Whilst only one of the paintings mentioned in his diary is specifically described by Brannan as a Cleethorpes beach scene, it is likely that the other seven typically draw upon the resort for their images, either directly or indirectly.

The rapidity of their production suggests in one respect the appropriateness of the word ‘potboiler’ during this period, although a detailed awareness of the context of their production cautions against any temptation to dismiss this group of paintings as art reduced to easy production-line commerce.On the one hand, they were clearly products of a life-long personal obsession with a theme which happened to meet with popular approval and therefore was a commercial success.
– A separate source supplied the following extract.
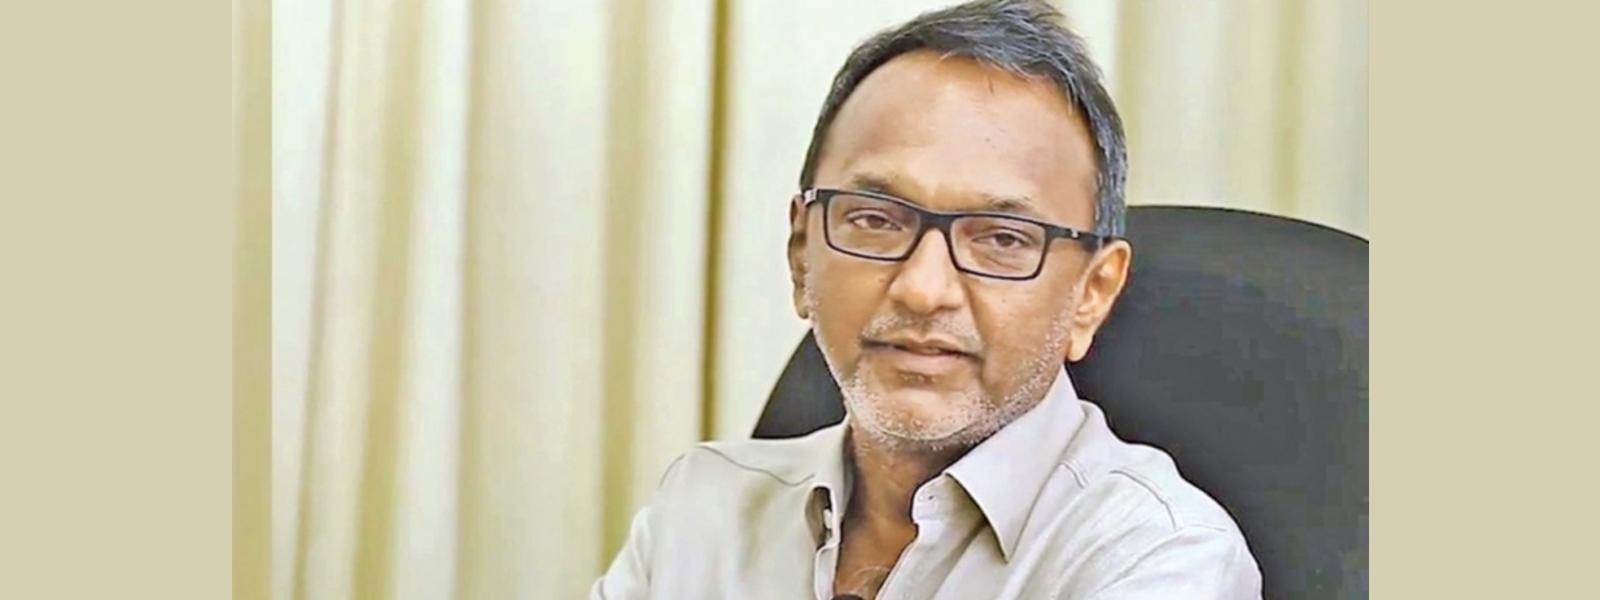 GoSL preparing for crackdown on journalists and social media: SJB MP Bakeer Markar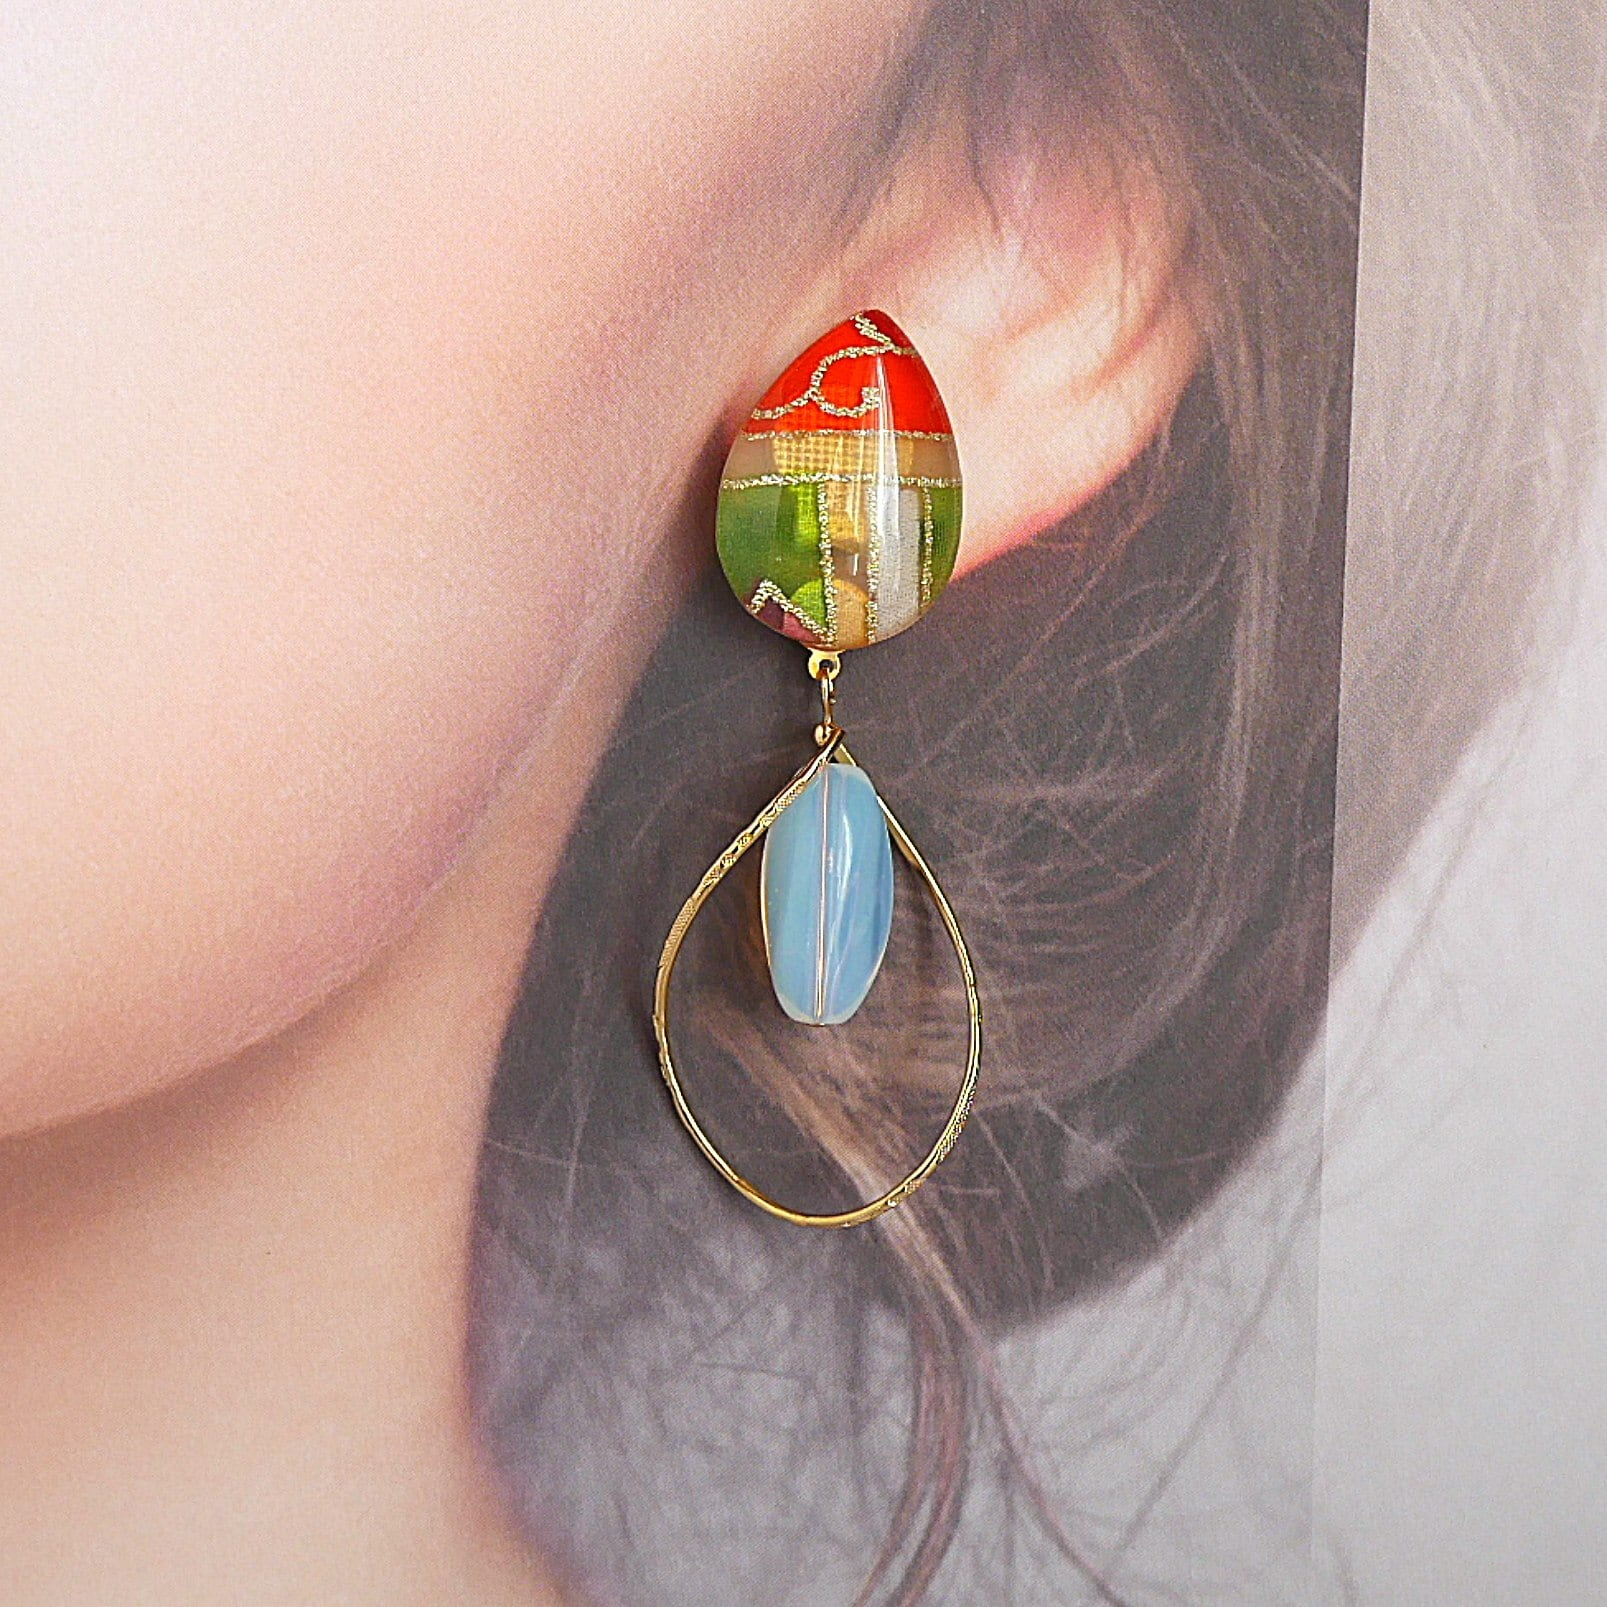 """ Earrings NO.0-1959″カラフル着物とミルキークオーツ"

Brannan himself was aware of the fact that he had re-visited the theme many times over and was not entirely comfortable with it. “The place and the figures are all old favourites”, he ruefully commented in the middle of a struggle to paint “fiddly figures” created “from memory and invention”. More self-critically and almost resignedly, he recorded on one occasion during this period, whilst working on a small beach scene, that he had “done similar ones dozens of times.”

On the other hand, whilst the imaginative visions of beach scenes were familiar, rapidly produced variations on a theme, Brannan was clearly working under the severe pressures and demands of circumstance. During these four months, he had to meet the requirements of a local collector who wished specifically to purchase a beach scene, as well as having to put together a representative collection of around sixteen paintings for a gallery just outside Henley-on-Thames, which was to

include some recent beach scenes. In addition, practical issues surrounding framing and re-framing were an additional burden, whether it was doing the job himself or negotiating with his usual picture framer. Further, during this period of almost frenetic creativity, there is a sense of the artist’s deteriorating health pressing upon him and being driven by a heightened awareness of time passing, as he struggled to produce work which he felt had artistic integrity and, at the same time, like the C18th limner and the C19th potboiler, gave the customer what they wanted: a visual enrichment of their life.